Mary Ann Hoffer would have been sixteen at the time of her death — old enough, in the 1880s, to have begun courting and to have been working on her own quilt for several years. Anna Hoffer, her mother, would have finished it in the September of 1885 in a kitchen that the Sanborn map shows had not yet been expanded.

From 1885 to 1978 the quilt stayed in the family. Mary Ann's sister Elsie inherited it at her mother's death in 1924 and kept it folded in a blanket chest. Elsie never married. When she died in 1978 the chest was sold with the rest of the contents of the farmhouse, and Mildred Brubaker, who had stopped at the sale because she liked the look of the barn, paid forty dollars for the quilt because the tulips reminded her of a curtain her own mother had once owned.

Mildred kept it on a guest bed in Hartford for forty-one years. When she died, her granddaughter found it folded inside a pillowcase in a hall cupboard, with Yoder's pencilled tag still pinned to the binding.

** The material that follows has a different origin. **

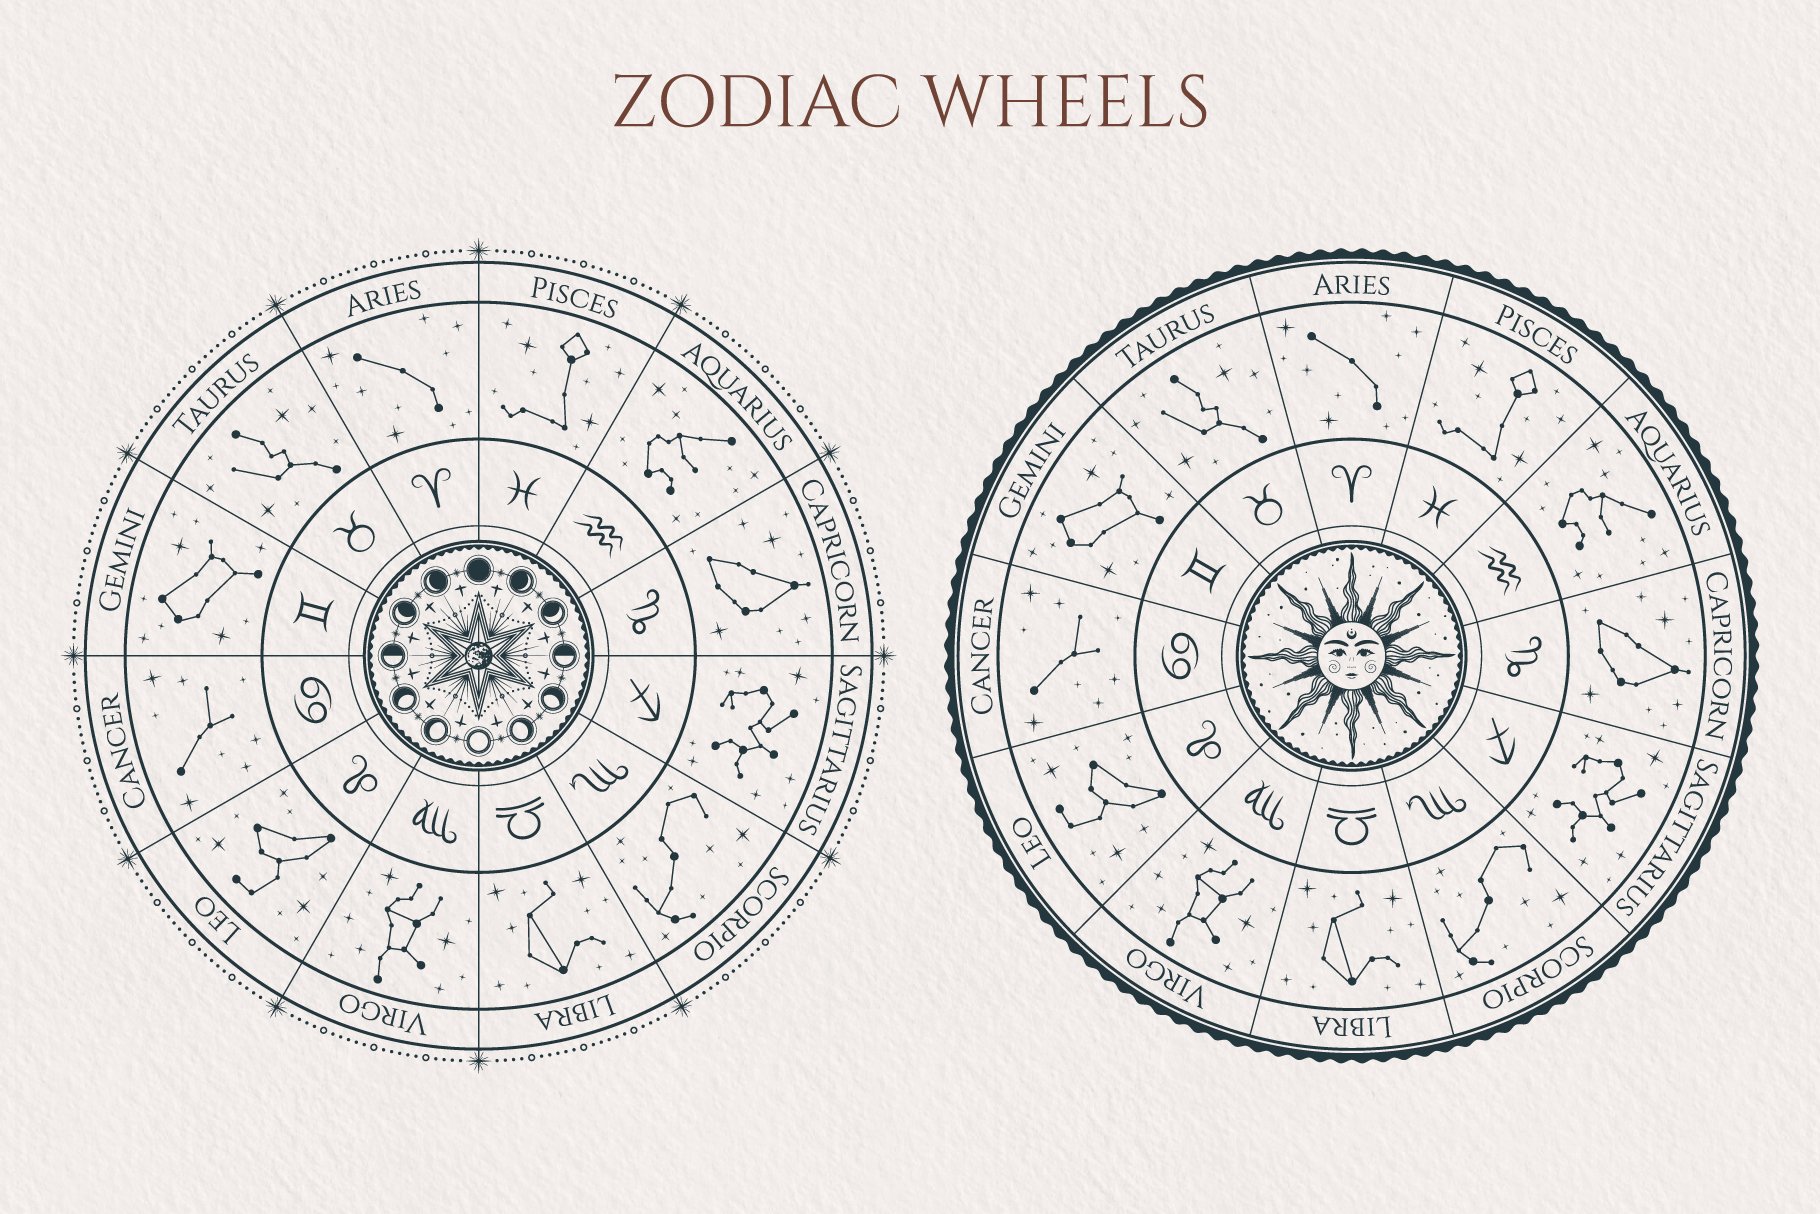 Zodiac Wheel & Wheel of the Year preview image.

The granddaughter does not plan to sell. She has asked Hudson to recommend a conservator, and a quilt of this period and provenance will be cleaned, not laundered, by a textile specialist named Linnea Vogel in Stockbridge, Massachusetts, who has agreed to take the work in July. Vogel will photograph the quilt on a light table to record the placement of the appliqué before cleaning, and she will record the thread counts and dye samples for the Winterthur archive.

The granddaughter wrote a short note to The Pewter after the research was complete. She said that she had not known any of this when she inherited the quilt, and that she had been about to take it to a thrift store. She said she would now keep it on a frame in her hallway, with a small typed card naming Mary Ann Hoffer of Warwick Township, Lancaster County, born September 11, 1869.

The card is on the quilt now. The forty-dollar lot has not changed in any visible way. It is still folded, still cream-coloured, still bound in mercerised cotton. The tulip on the corner is still the Warwick pattern. What has changed is small and bureaucratic: a name attached, a date confirmed, a path drawn from one kitchen to another over a hundred and forty-one years.